En Amérique latine, le cycle de gouvernements progressistes qui gouvernaient le continent depuis une quinzaine d’années semble arriver à sa fin. Après l’élection du néolibéral Macri à la présidence de l’Argentine, la droite vient d’emporter une large victoire contre Nicolás Maduro, le successeur d’Hugo Chávez.
Les résultats des élections législatives du 6 décembre sont sans appel. La coalition de droite regroupée au sein de la Table de l’unité démocratique (MUD) a emporté 56 % des suffrages exprimés, contre seulement 40,5 % pour l’alliance favorable à l’héritage d’Hugo Chávez, regroupée autour du Parti socialiste uni du Venezuela (PSUV).
Le parti chaviste est défait
La MUD obtient la majorité qualifiée des deux tiers des députés, obtenant les pouvoirs les plus larges. Nicolás Maduro demeure président jusqu’en 2019, mais l’Assemblée nationale est désormais en mesure de convoquer légalement une Constituante.
Les forces dissidentes, dont nos camarades de Marea Socialista et du PSL, demeurent marginales, prisonnières de la bipolarisation qui structure la vie politique vénézuélienne depuis l’accession de Chávez au pouvoir en 1999.
Si le PSUV fait quasiment jeu égal avec l’opposition dans les États ruraux, il subit une nette défaite dans les zones urbaines, y compris parmi les classes populaires. Le gouvernement met en avant la chute du cours du pétrole, qui a perdu la moitié de sa valeur depuis l’automne 2014, pour expliquer ses difficultés. Il accuse les élites économiques de mener une « guerre économique » pour déstabiliser la « révolution bolivarienne ».
Divorce avec les classes populaires
Ces explications sont légères pour comprendre l’ampleur de la désaffection. Un certain nombre de mesures autoritaires peuvent expliquer le divorce entre le gouvernement chaviste et les classes populaires urbaines. En août dernier, Nicolás Maduro a instauré l’Organisation de libération et de protection du peuple (OLP) pour restaurer l’ordre dans les quartiers populaires. Les organisations de défense des droits de l’homme font état d’une cinquantaine de disparitions et de plusieurs milliers de personnes arrêtés. Le 15 septembre dernier, Bladimir Carvajal, syndicaliste revendicatif à PDVSA, l’entreprise pétrolière publique, a été expulsé par la Garde nationale du bus qui l’emmenait à son travail, et informé de son licenciement.

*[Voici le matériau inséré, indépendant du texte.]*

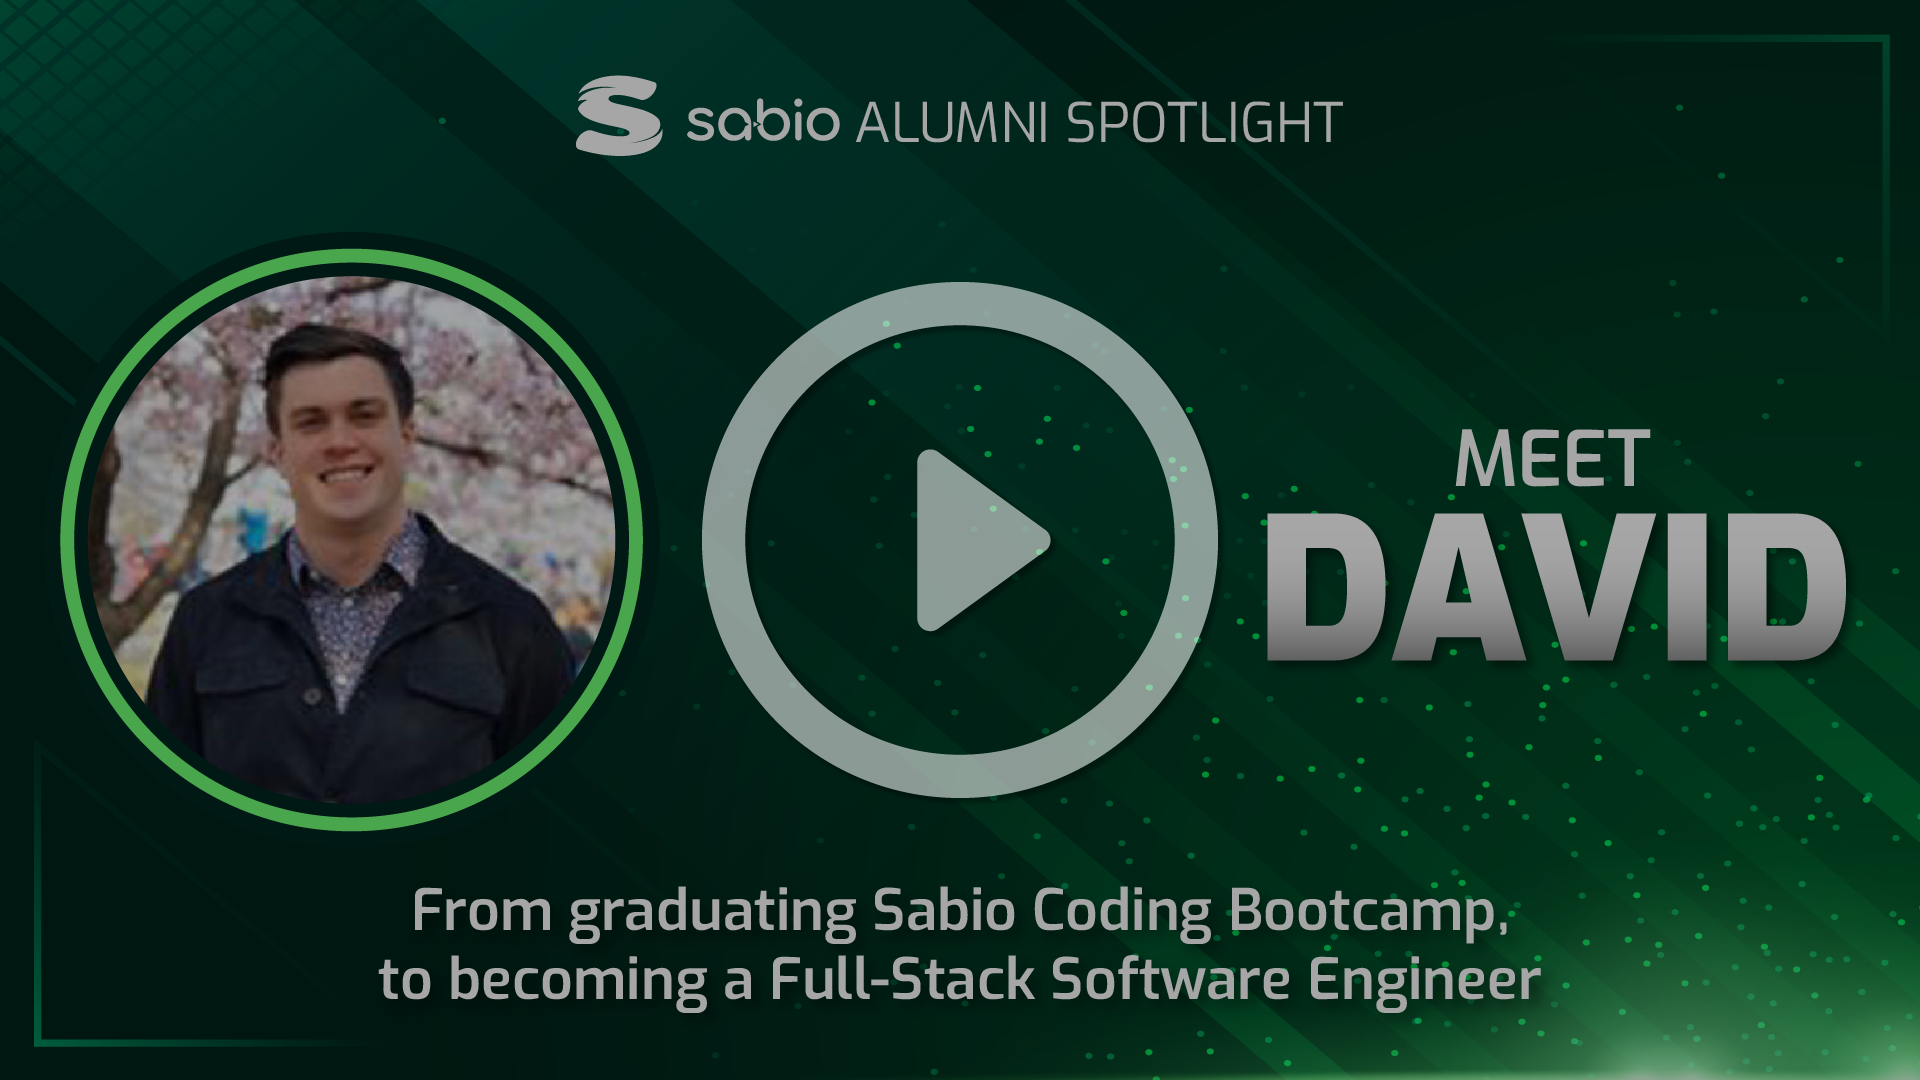 Sabio Alumni Spotlight: David. Play symbol overlaid to the image.
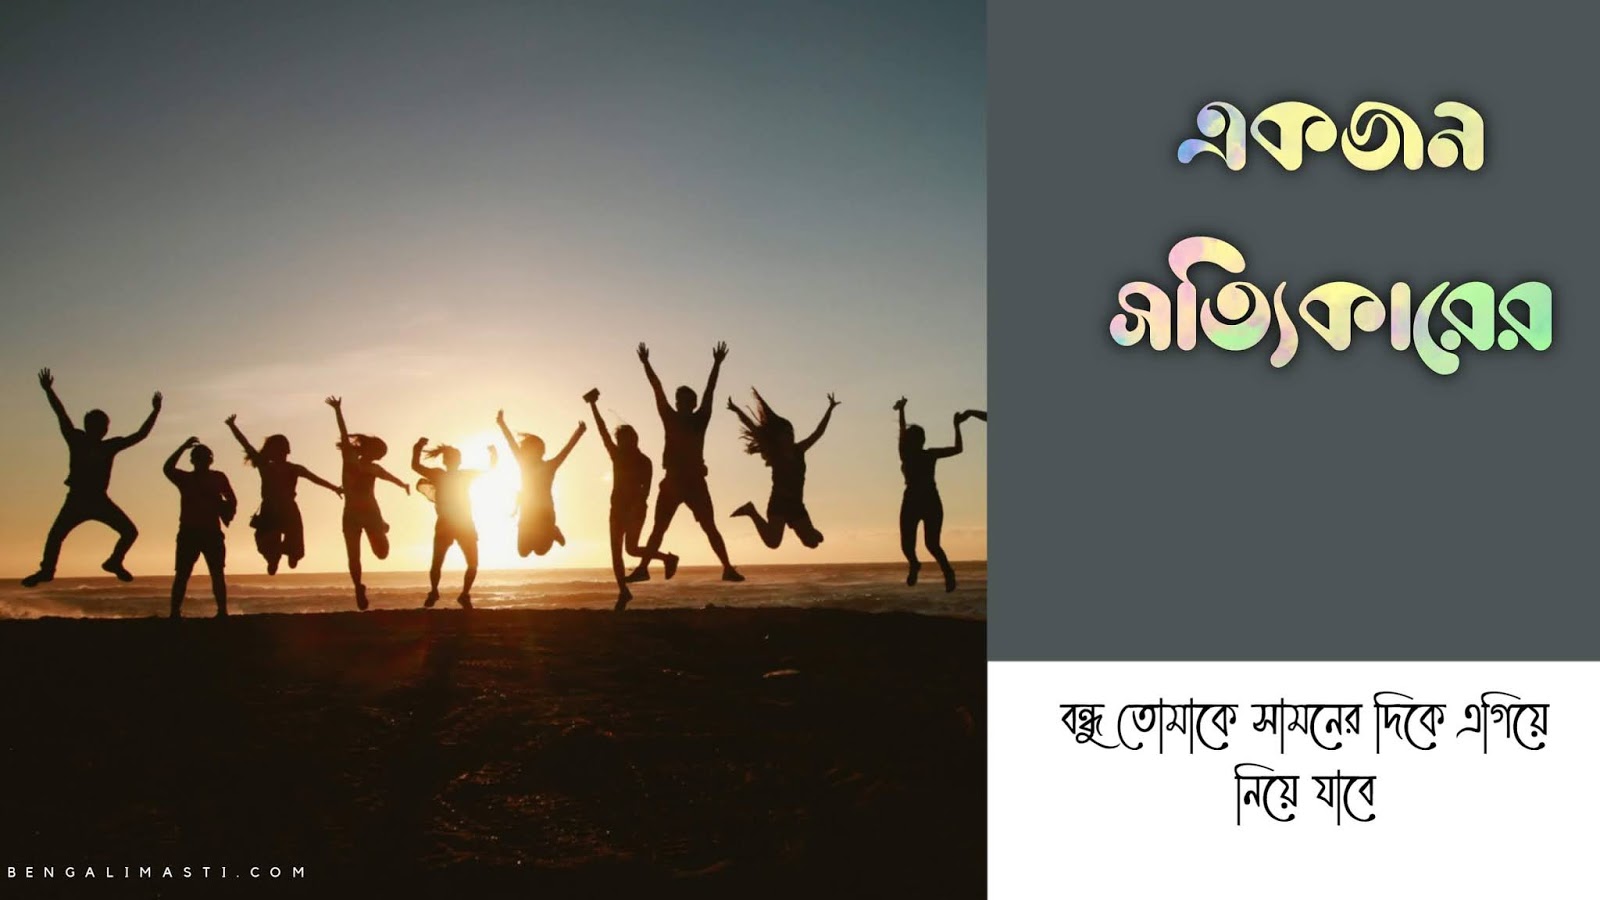 101 Short Bengali Friendship Quotes for Best Friends - Bengalimasti
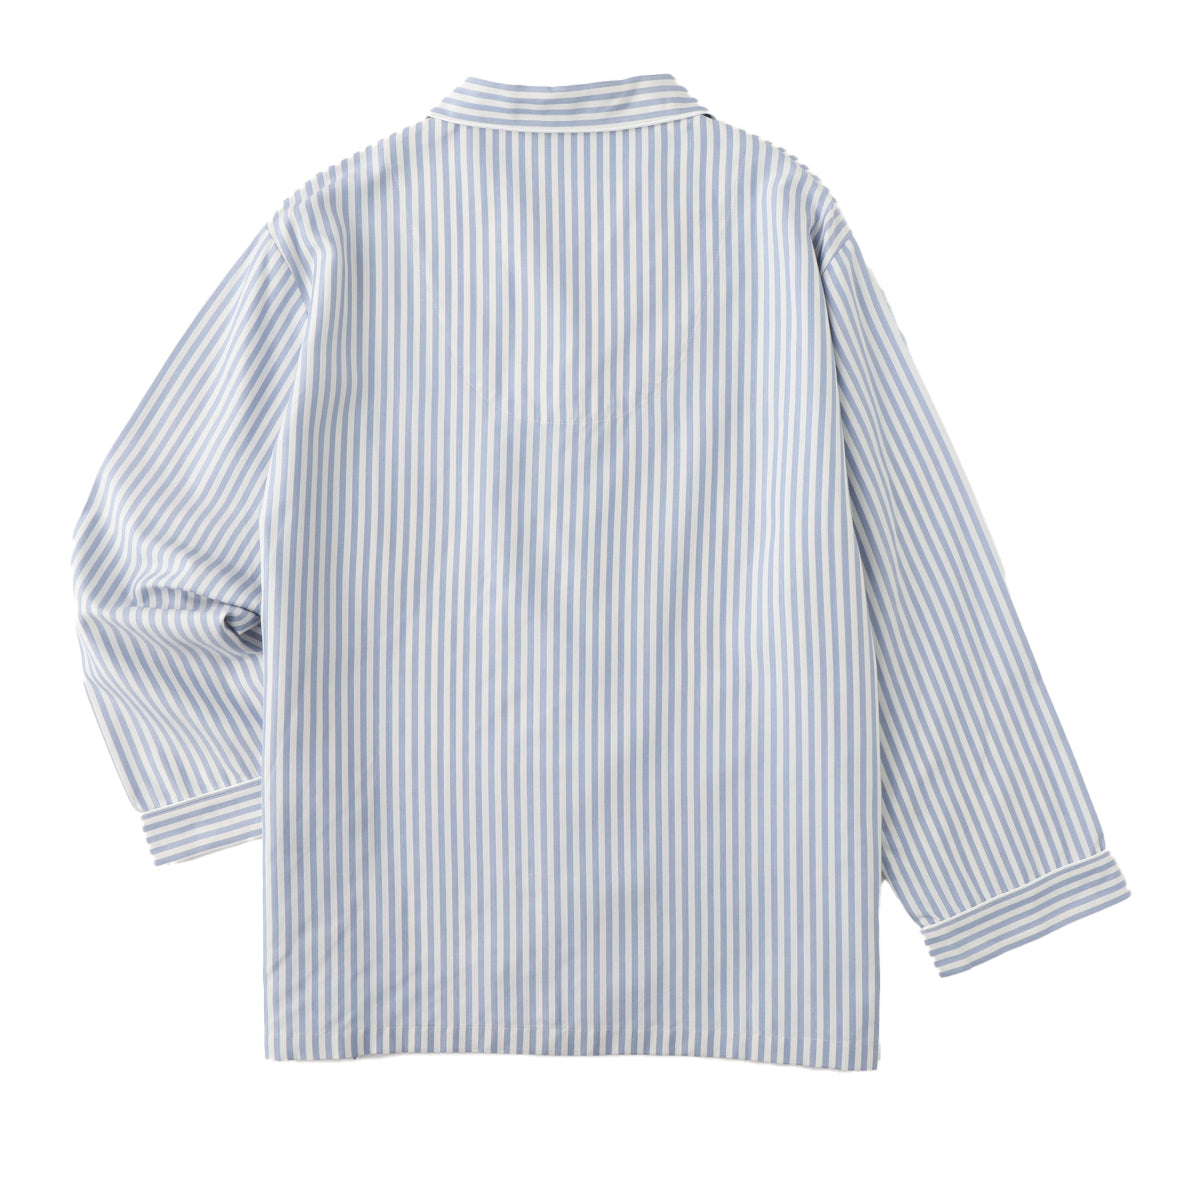 Silk Striped Pajama Set (SAX BLUE)
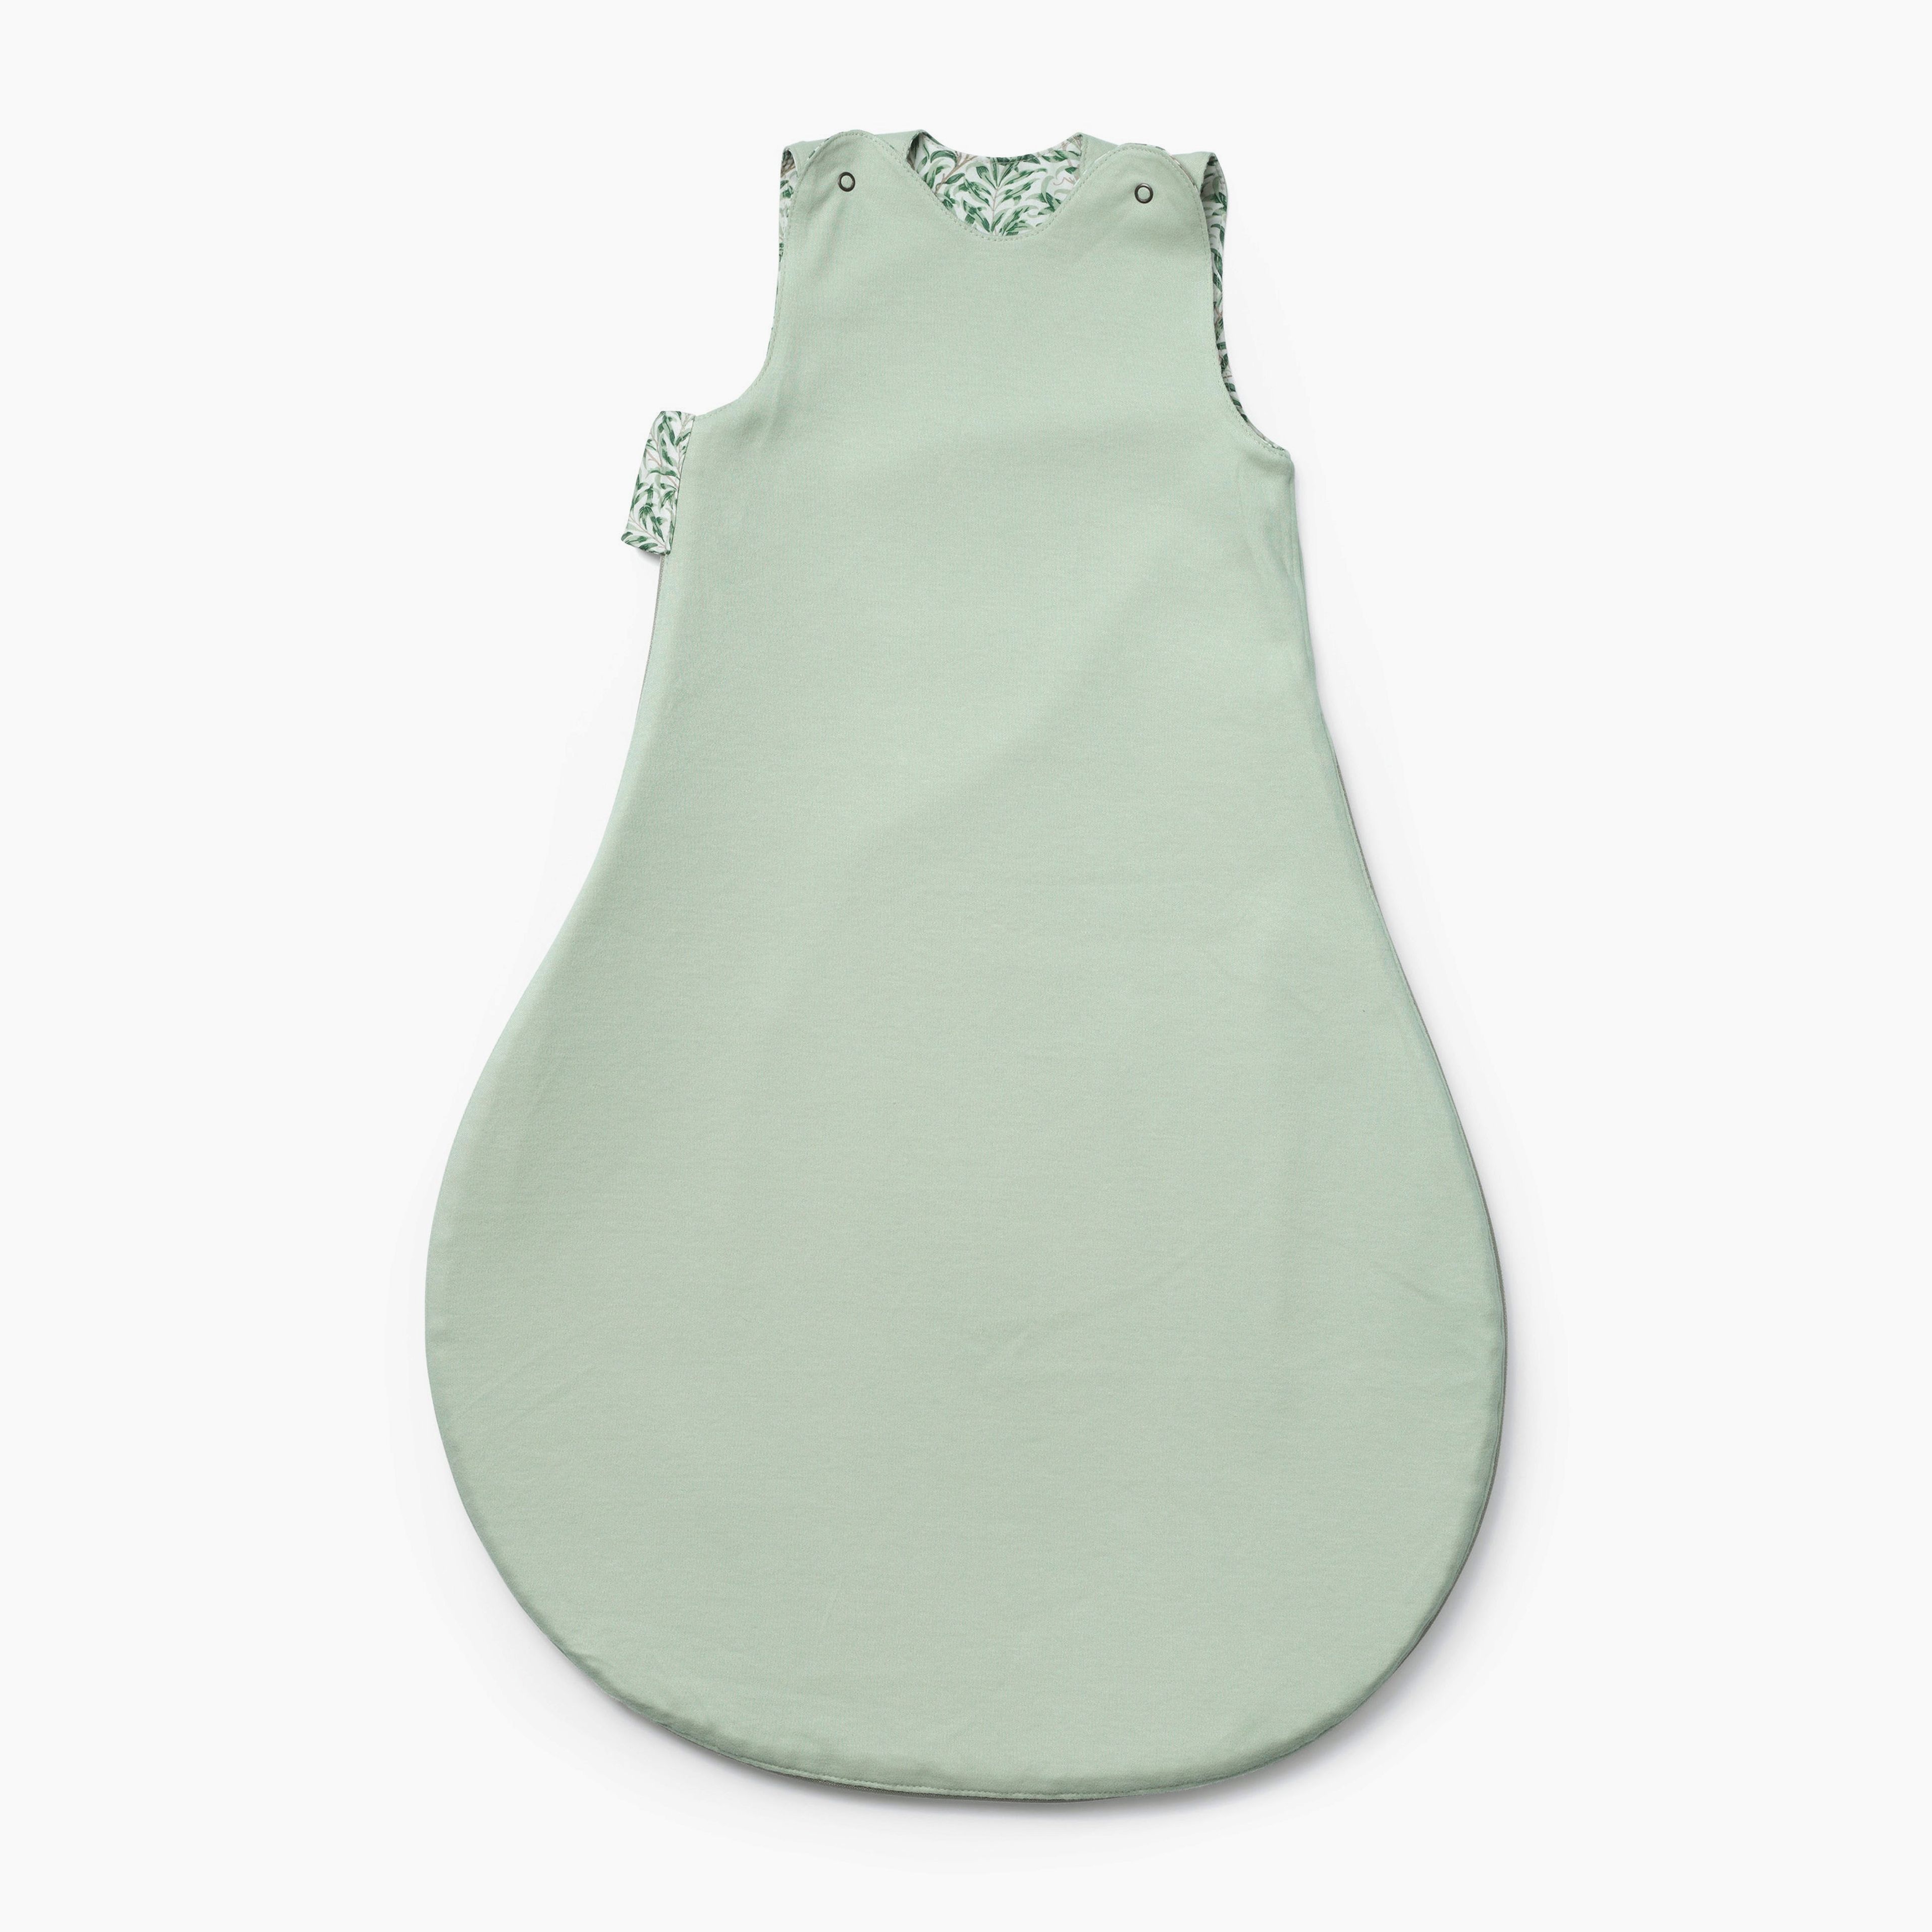 DockATot Sleep Bag - Willow Boughs / Smoke Green

Le principal motif de mécontentement des classes populaires vénézuéliennes demeure la situation économique. En 2003, face au blocage de l’économie déclenché par le patronat, Hugo Chávez avait instauré un contrôle des changes. Douze ans plus tard, détourné par les grandes entreprises par surfacturation d’importations avec la complicité de hauts dirigeants gouvernementaux, celui-ci s’est effondré. Des économistes ont estimé à plus de 250 milliards de dollars cette fuite de capitaux. La différence entre le taux de change officiel et officieux atteint une échelle de 1 à 100. Ce déséquilibre monétaire crée une pénurie de produits importés et une inflation dépassant les 100 % pour l’année 2015.
La revanche du patronat
La nouvelle coalition au pouvoir a pour objectif prioritaire la libération de ce qu’elle appelle des prisonniers politiques, des dirigeants des fractions les plus intransigeantes de l’opposition comme Leopoldo López qui ont appelé à des manifestations pour obtenir « la sortie » de Nicolás Maduro avant le terme constitutionnel. Mais cette amnistie ne concernerait pas un militant syndical comme Rodney Álvarez ou les indigènes pémons en lutte contre des projets miniers dans le sud du pays.
La victoire de la MUD permet au patronat de sonner l’heure de la revanche sociale contre les classes populaires qui se sont si souvent mobilisées pour soutenir les gouvernements Chávez. La présidente d’une organisation patronale a déjà appelé à la modification de la loi du travail pour « donner confiance aux entrepreneurs ». Les propositions de la MUD vont grever le pouvoir d’achat déjà faible des classes populaires vénézuéliennes : dévaluation massive du bolívar, libération des prix sur les produits de première nécessité, augmentation du prix de l’essence, reprivatisation de plusieurs entreprises nationalisées dans le secteur électrique…
La défaite du chavisme ne signifie pas l’échec du projet de socialisme du 21e siècle. La direction du PSUV a choisi de demeurer dans les écueils de celui du 20e, ceux du bureaucratisme et d’une politique conciliante, et en subit les conséquences. Une société émancipée demeure à l’ordre du jour si les classes populaires reprennent le chemin des luttes pour un socialisme véritable qui ne soit plus dépendant de la rente pétrolière.